The AjTOX2 genes have been deposited in GenBank with accession numbers KC862269-KC862275 (Additional file 1: Table S1). Virulence assays Virulence assays on maize, cabbage, Arabidopsis thaliana, and Fumana procumbens were performed with spores collected from V8-juice plates with 0.1% Tween-20.
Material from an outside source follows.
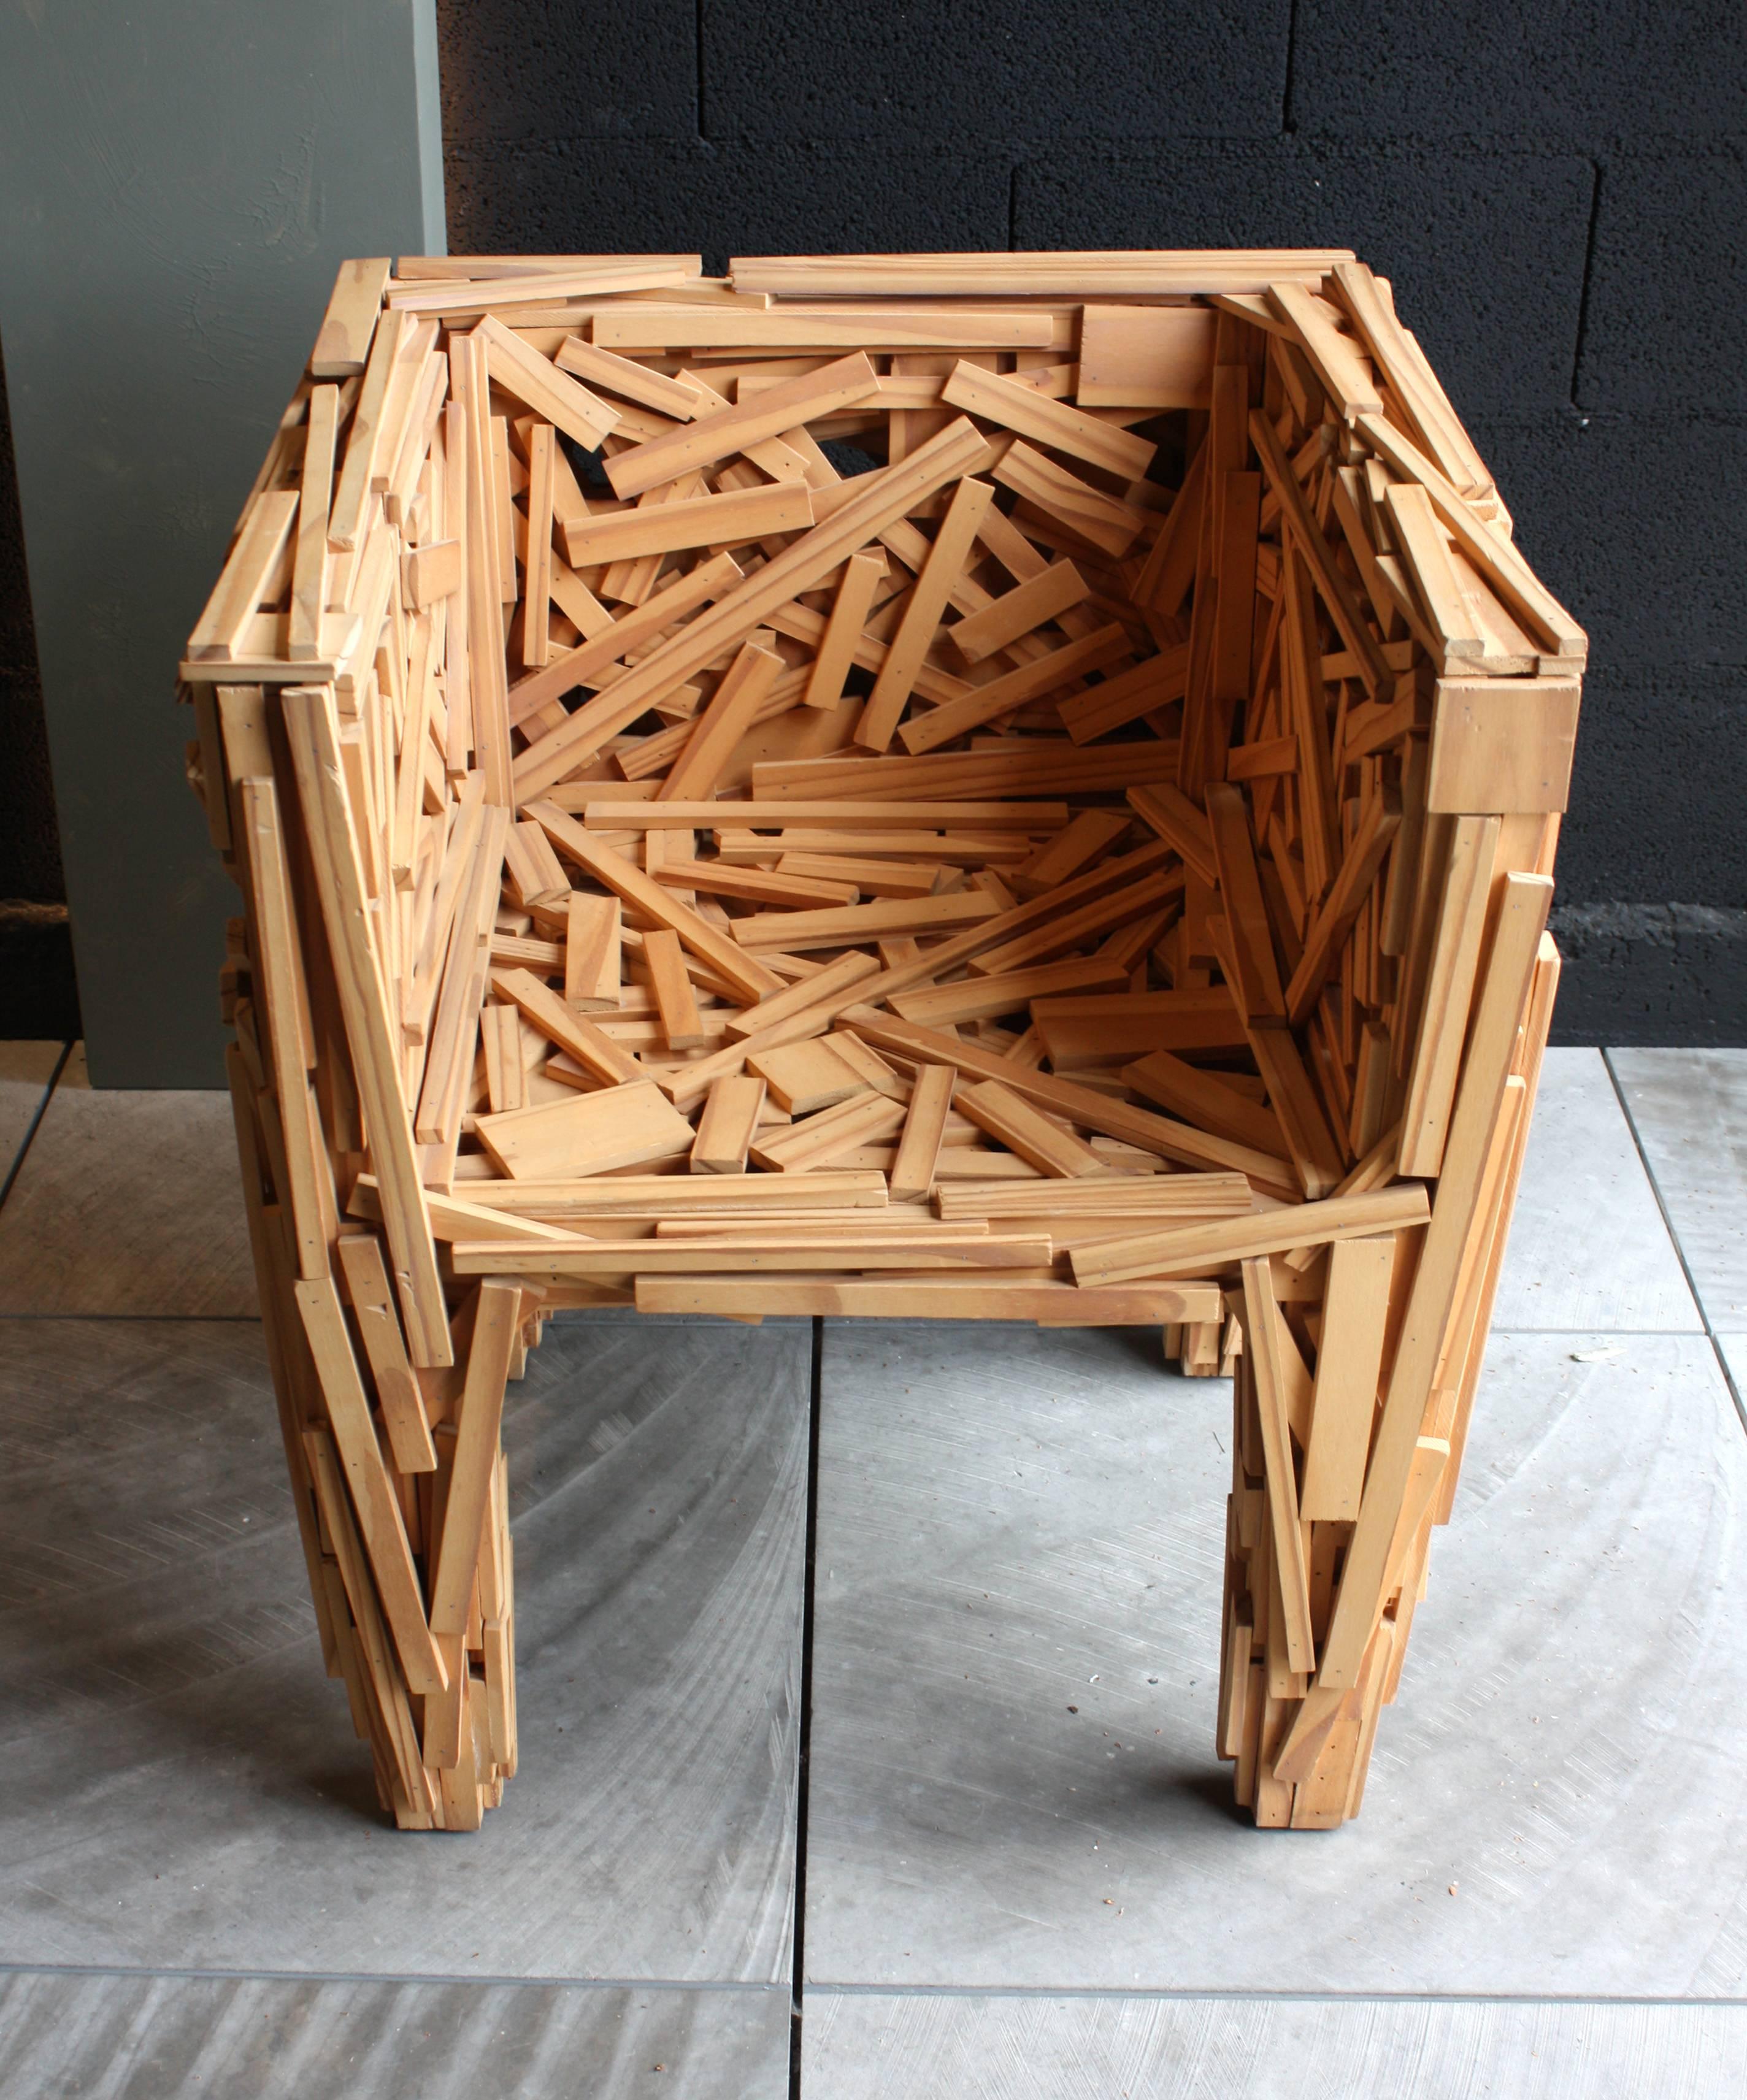 Early Favela armchair designed by Fernando and Humberto Campana for Edra, Italy, 2003. Sculptural chair without internal structure, built with pieces of natural Brazilian Pinus wood, fixed by hand in a deliberately random. Indoor and outdoor

The spore concentration was adjusted to ~105 spores/ml. For maize, six- week old plants (genotype hm1/hm1 or HM1/HM1) were spray-inoculated and the plants covered with plastic bags overnight to maintain humidity, after which the plants were grown in a greenhouse. Observations of disease progression BIBF 1120 were made beginning 3 d post-inoculation. For cabbage (Brassica oleracea), plants were grown in a growth chamber at 20°C, 70% relative humidity, and a 12-hr light /dark cycle. Leaves from 4-week-old plants were spot-inoculated with 10 μl of inoculum. Plants were covered overnight find more to maintain humidity. Plants were observed for signs of infection beginning 4 d after inoculation. For Arabidopsis, plants (Col-0, a pad3 near-isogenic mutant, and a DELLA quadruple mutant ) were grown in a growth chamber at 20°C, 70% relative humidity, and a 12-hr light/dark cycle. The third through the seventh true leaves from 4-week-old
plants were spot-inoculated with 10 μl of spores. Plants were covered overnight to maintain humidity and observed for signs of infection starting 4 d after inoculation. Seeds of Fumana procumbens were obtained from Hardyplants, Apple Valley, MN, and after scarification with a razor blade were germinated in glass scintillation vials on Whatman #1 filter paper. Seven to ten day-old seedlings were triclocarban transferred to soil and grown at room temperature under a 32 watt fluorescent light (Philips 432T8/TL741 Universal/ Hi-Vision Hg). Conidial suspensions of A. jesenskae (10 μl) were applied as a drop on the surface of leaves of 5-6 month old plants. Plants were covered with a clear plastic dome lid and kept at 100% relative humidity for 48 hr. Observations were made beginning 3 d after inoculation. Acknowledgements This work was supported by award DE-FG02-91ER20021 from
the Chemical Sciences, Geosciences and Biosciences Division, Office of Basic Energy Sciences, Office of Science, U.S. Department of Energy. We thank Dr. Emory Simmons (Wabash College, Crawfordsville, Indiana) for the strain of A. jesenskae. We thank Dr. Gerald Adams (University of Nebraska) for advice on growing A. jesenskae, the MSU Research Technology Support Facility for the DNA sequencing, and the MSU Mass Spectrometry Core Facility for the mass spectrometry. Electronic supplementary material Additional file 1: Conservation of the genes for HC-toxin https://www.selleckchem.com/products/LDE225(NVP-LDE225).html biosynthesis in Alternaria jesenskae . Table S1. GenBank accession numbers for genes of TOX2 and AjTOX2. Table S2. List of primers used to amplify probes used for Southern blots (Figure 2). (DOCX 14 KB) References 1. Walton JD: Host-selective toxins: agents of compatibility.